RandomizedSearchCV - Best alpha: 9.798181818181817
RandomizedSearchCV - Test MSE: 0.17
RandomizedSearchCV - Time elapsed: 27.95 seconds


### 3) Train your model
Select the model with best hyperparameters and generate predictions on your test set. Evaluate your models accuracy, precision, recall, and sensitivity.  

In [15]:
# Randomly search for the best hyperparameters on a logistic regression model
param_dist = {
    'penalty': ['l1', 'l2'],
    'C': np.linspace(0.01, 1, 100),
    'solver': ['saga'], 
    'max_iter': [10000]
}

model = RandomizedSearchCV(LogisticRegression(), param_distributions=param_dist, cv=5, scoring='accuracy', random_state=42)
model.fit(X_train, y_train)

# Best model from random search
best_params_random = model.best_params_
best_score_random = model.best_score_

print(f"RandomizedSearchCV - Best Params: {best_params_random}")
print(f"RandomizedSearchCV - Cross-Val Accuracy: {best_score_random:.2f}")

RandomizedSearchCV - Best Params: {'solver': 'saga', 'penalty': 'l2', 'max_iter': 10000, 'C': np.float64(0.48000000000000004)}
RandomizedSearchCV - Cross-Val Accuracy: 0.90


In [16]:
# Use the best model found from RandomizedSearchCV to predict on unseen test data

# extract the best estimator
best_log = model.best_estimator_

# predict on testing data
log_predictions = best_log.predict(X_test)

# evaluate its accuracy
test_score = accuracy_score(log_predictions, y_test)

print(f"RandomizedSearchCV - Coefficients: {best_log.coef_}")
print(f"RandomizedSearchCV - Test Accuracy: {test_score:.2f}")
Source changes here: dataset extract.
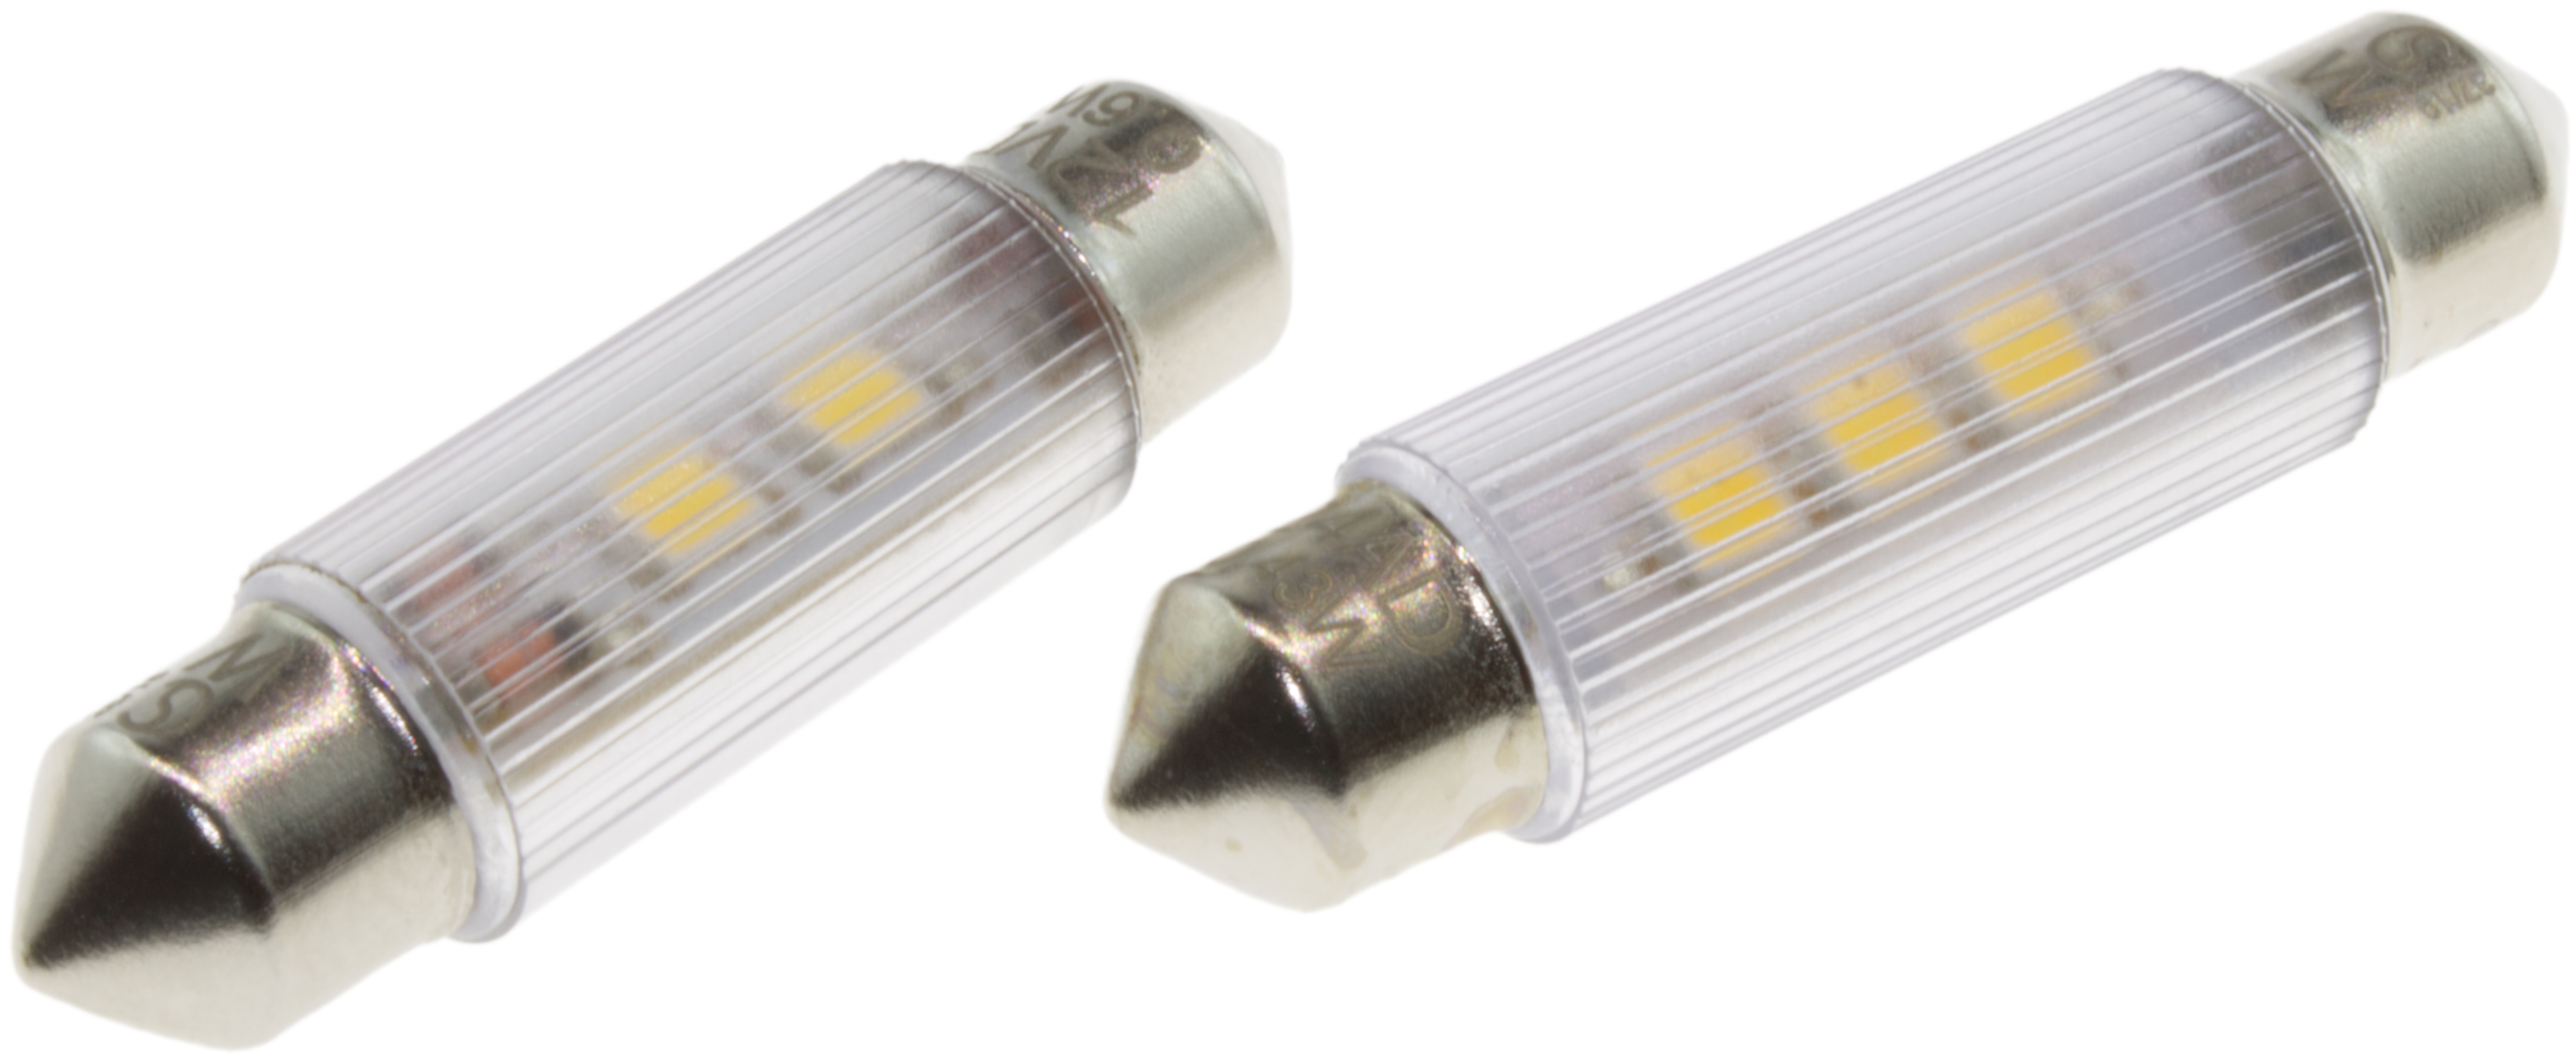 Soffitten-Lampen auf LED-Basis in den Abmessungen Ø 6 x 31 und 6 x

RandomizedSearchCV - Coefficients: [[-5.88886710e-06  1.93285136e-05 -3.49054039e-05  6.25244605e-06
  -7.26058342e-06 -4.17485393e-11  6.40006883e-10 -1.03933209e-11
  -1.05339038e-09  2.24334517e-10]]
RandomizedSearchCV - Test Accuracy: 0.90


In [17]:
# Import for metrics
from sklearn.metrics import confusion_matrix, precision_score, recall_score, f1_score

y_pred = model.predict(X_test)

# generate a confusion matrix
cm = confusion_matrix(y_test, y_pred)
print("Confusion Matrix:\n", cm)
# calculate all measures of accuracy
accuracy = accuracy_score(y_test, y_pred)
precision = precision_score(y_test, y_pred)
recall = recall_score(y_test, y_pred)
f1 = f1_score(y_test, y_pred)

# calculate specificity by hand
tn, fp, fn, tp = cm.ravel()
specificity = tn / (tn + fp)

print(f"Accuracy: {accuracy:.2f}")
print(f"Precision: {precision:.2f}")
print(f"Recall (Sensitivity): {recall:.2f}")
print(f"Specificity: {specificity:.2f}")
print(f"F1 Score: {f1:.2f}")

Confusion Matrix:
 [[1491   88]
 [ 219 1398]]
Accuracy: 0.90
Precision: 0.94
Recall (Sensitivity): 0.86
Specificity: 0.94
F1 Score: 0.90


## Second Model

Create a second machine learning object and rerun steps (2) & (3) on this model. Compare accuracy metrics between these two models. Which handles the class imbalance more effectively?

Create as many code-blocks as needed.

### (Bonus/Optional) Third Model

Create a third machine learning model and rerun steps (2) & (3) on this model. Which model has the best predictive capabilities? 

Create as many code-blocks as needed.